I've left off the two biggest hitters, Human Instinct (and Jesse Harper) and Space Farm to kick straight in with a brass-led track from Dr Tree, who are joined by The Fourth Way and the 1860 Band to fuse head with hips; semi-acoustic psych from second-phase Tamburlaine, the mysterious KD3, Lutha and Chris Thompson; Ian Carr's Nucleus and Pacific Eardrum repping the Canterbury Sound; heavy rock from Ticket and the pre-Bitch/post-Clevedonaires Cleves; proggy Ragnarok and Aellian Blade; spiritual soaring from Powerhouse; and electro-psych from Free Radicals.

One wee treat for me is Golden Harvest’s cover of Dylan’s ‘All Along the Watchtower’, which reflects Kevin Kaukau’s heavy Hendrix fixation, but swaddled in the glossy disco-funk they’re known for. Stick around for that track's instrumental second half: a kaleidoscopic Kaukau quest drenched in effects, electronics and studio wizardry.

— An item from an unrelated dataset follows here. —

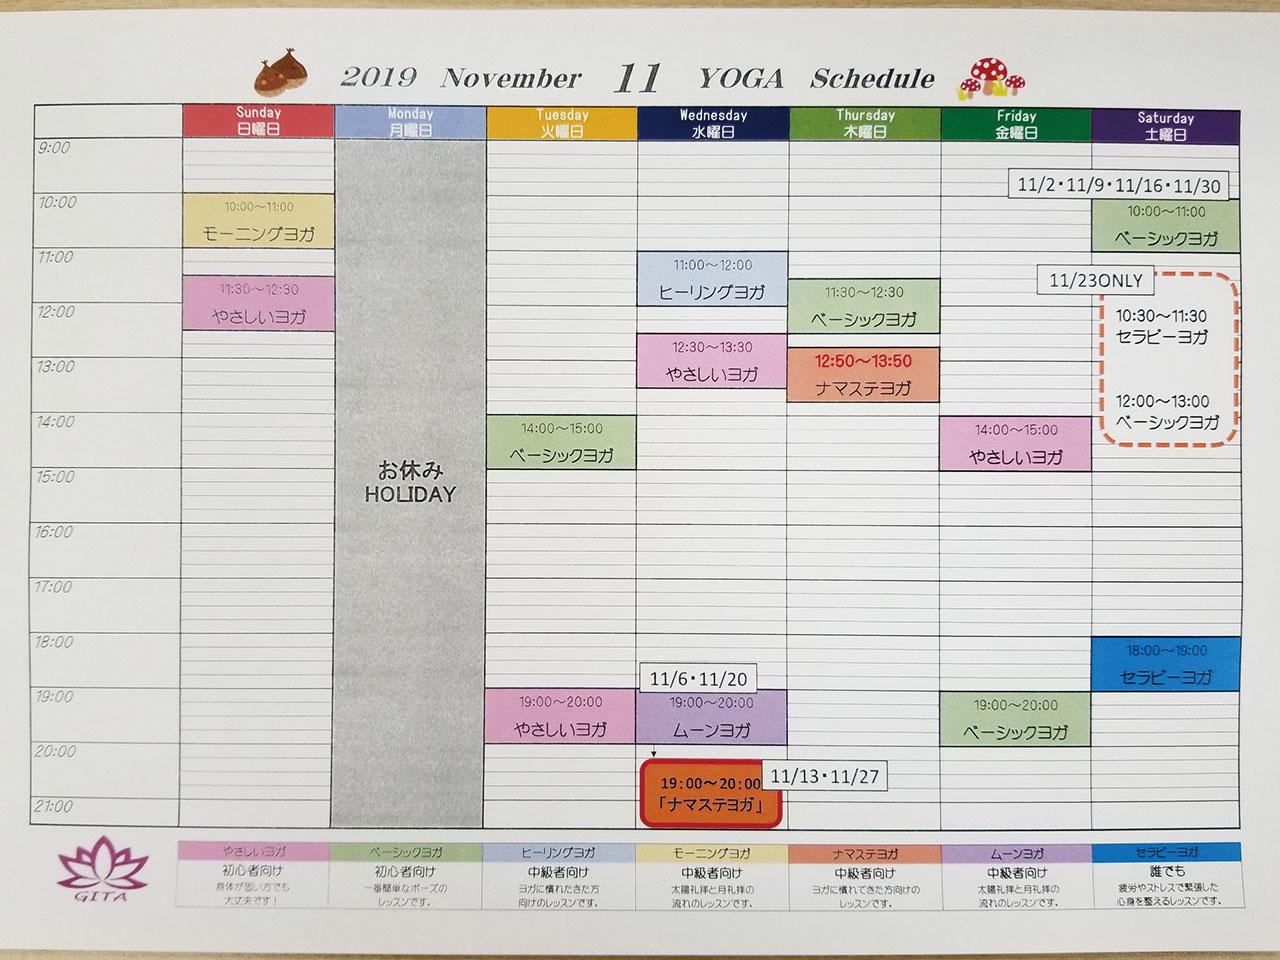 GITA_ヨガ2019年11月スケジュール

The cover art is from a photo by Theo Schoon of Rotorua mudpools, which has been painted over [Schoon -- who selfishly appropriated Māori art and literally painted over priceless rock art taoka of Te Waipounamu -- can get stuffed]. 

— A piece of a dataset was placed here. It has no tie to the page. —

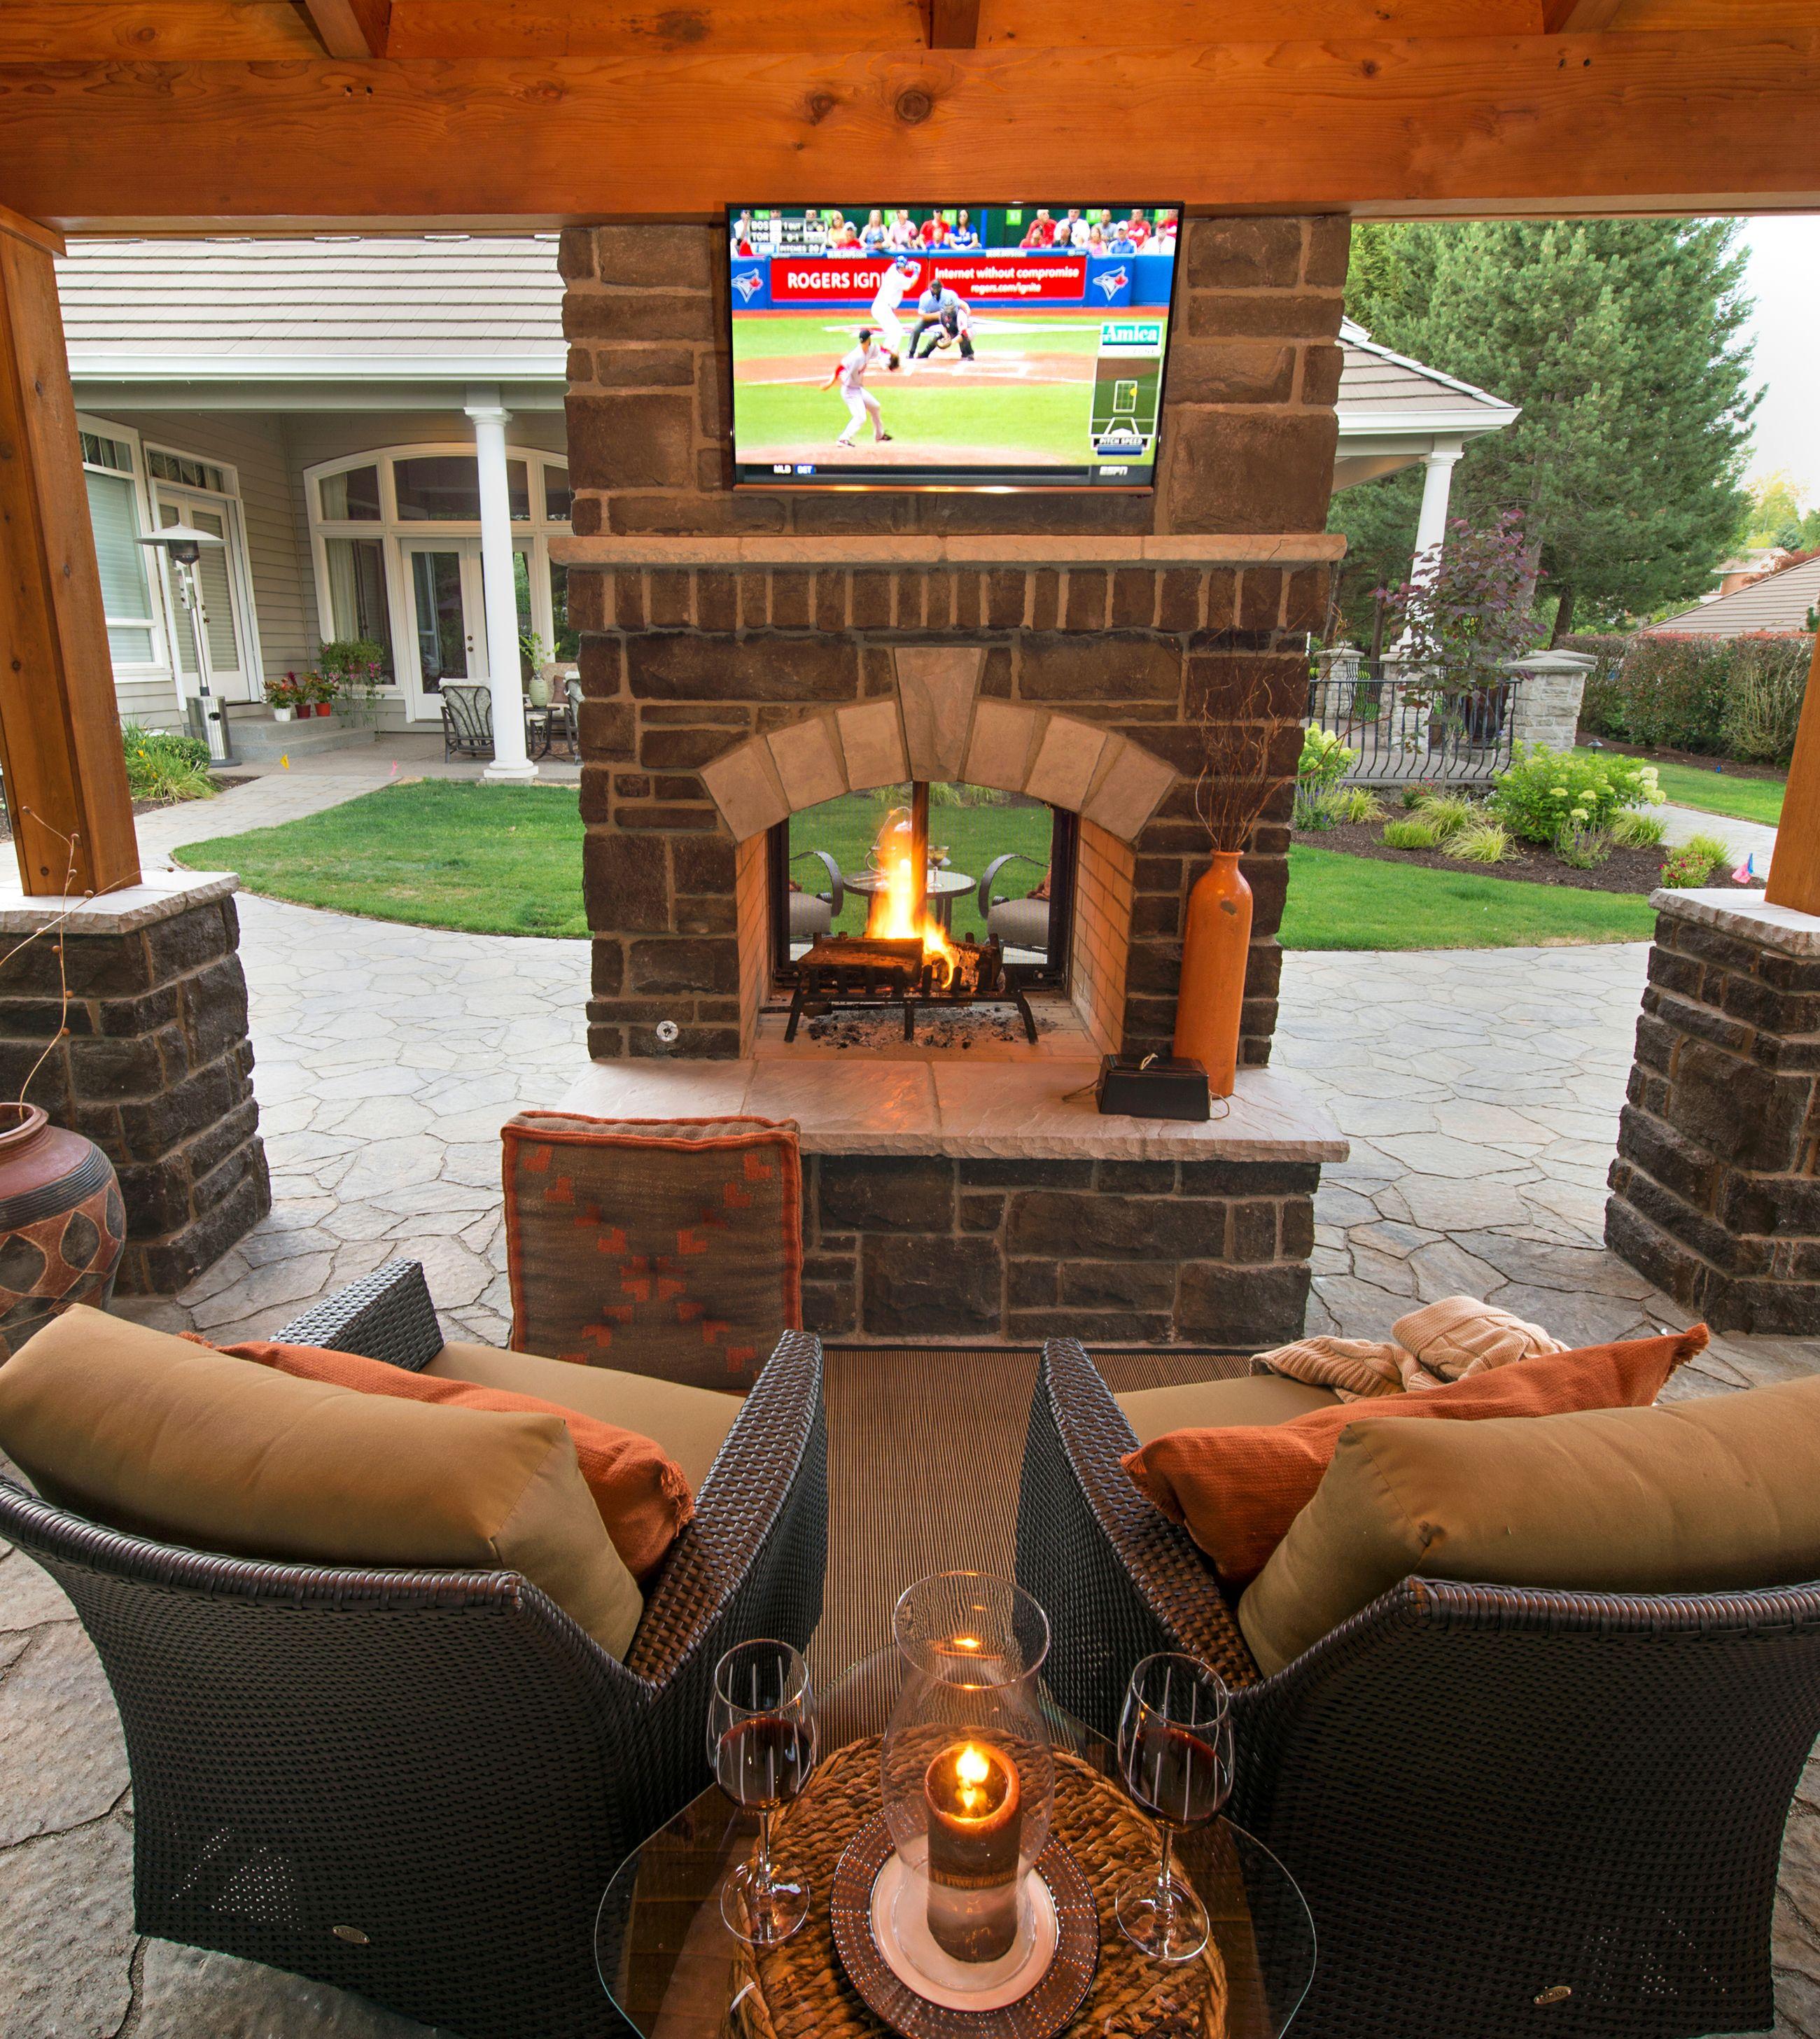 Double sided fireplace radiserestoredlandscaping

This is the first comp I've seen of just relentlessly heavy EnZed psych jams, and believe me it hits.  





Sunday, July 17, 2022

David Hollis - After All These Years (1979)

'Lost Classic' is a term thrown around a bit by self-appointed taste merchants. Heck, I've posted 50+ forgotten masterworks at Switched Out. Come along then, listener, and enjoy yet another recovered quintessence. 

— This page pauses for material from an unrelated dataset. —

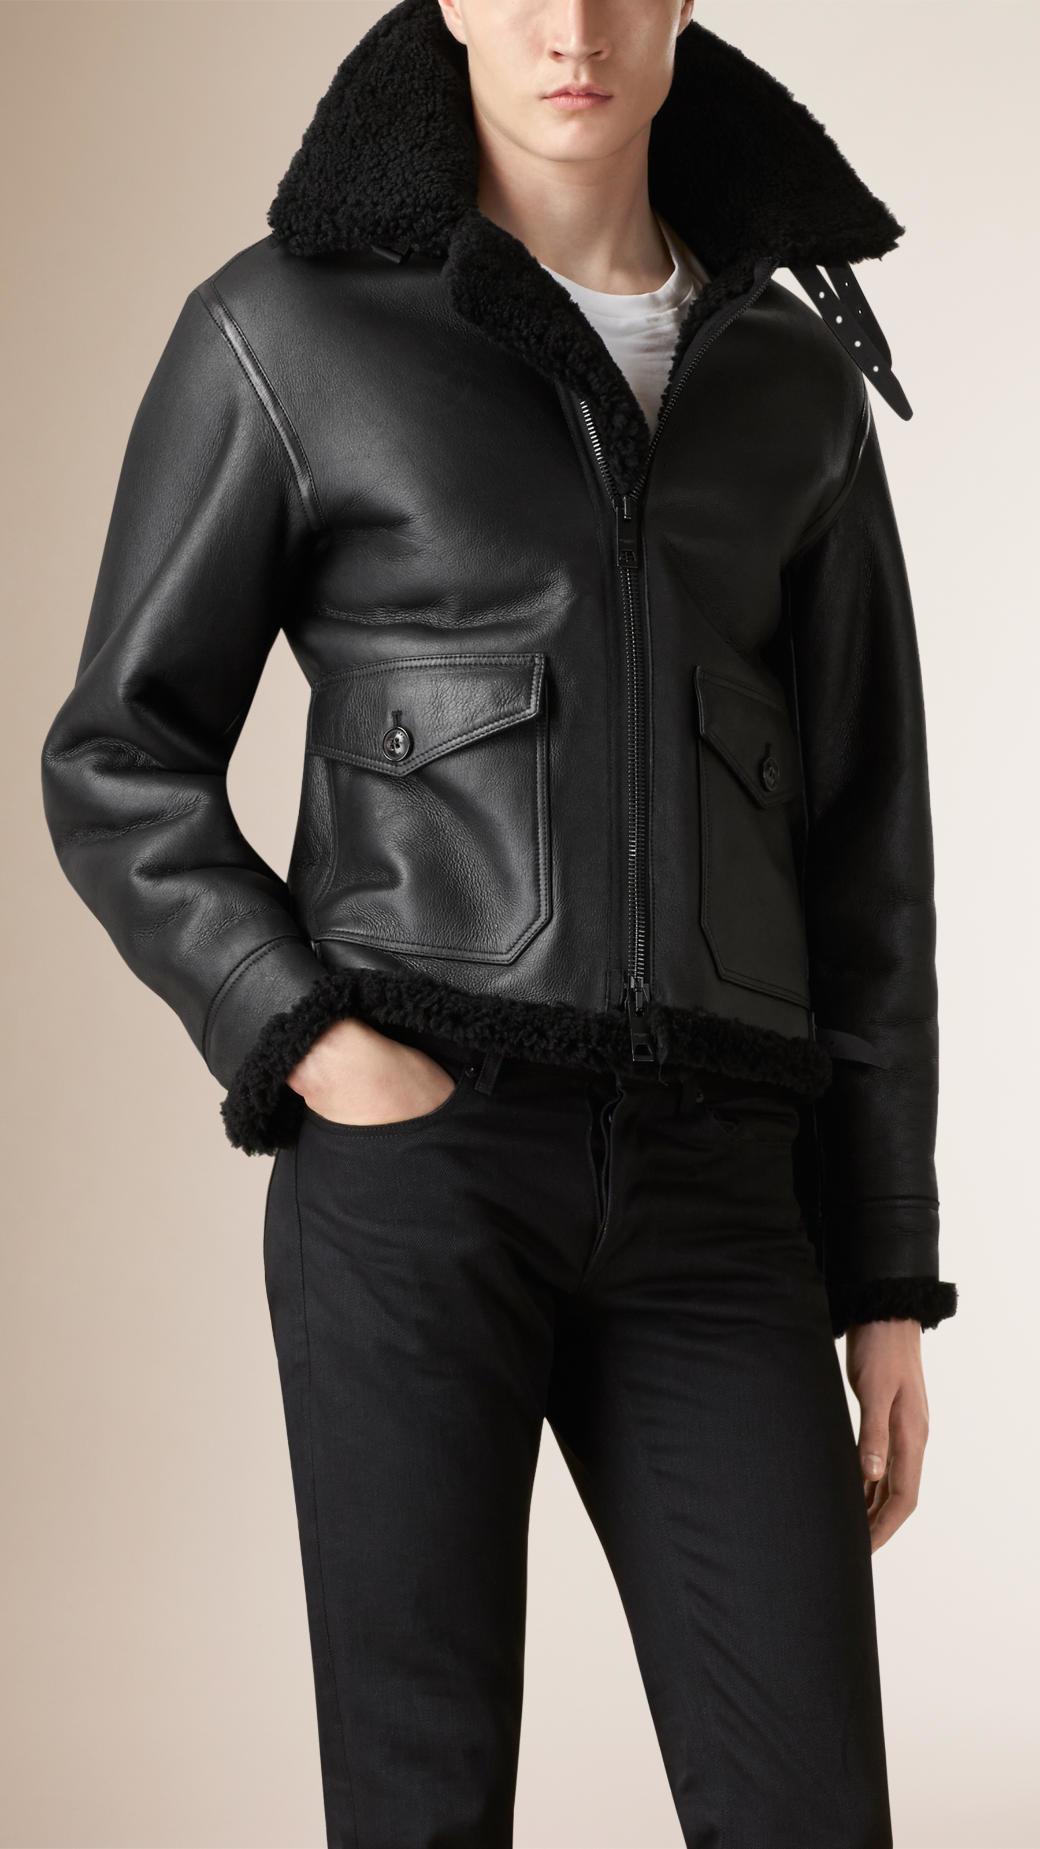 Aviation leather jacket

A coupla decades ago, I left New York and the mushrooming 'New Weird America' scene: a big hazy hug of variegated freaks playing free-jazz, -noise, and -folk. Arriving in Aotearoa as the Chris Thompson s/t album was first re-ished, I was psyched to hear EnZed's take on psych-folk. Looked forward to listening to heaps of that sort of thing. Well there's not really heaps of this sort of thing. But there's y'know, heaps. 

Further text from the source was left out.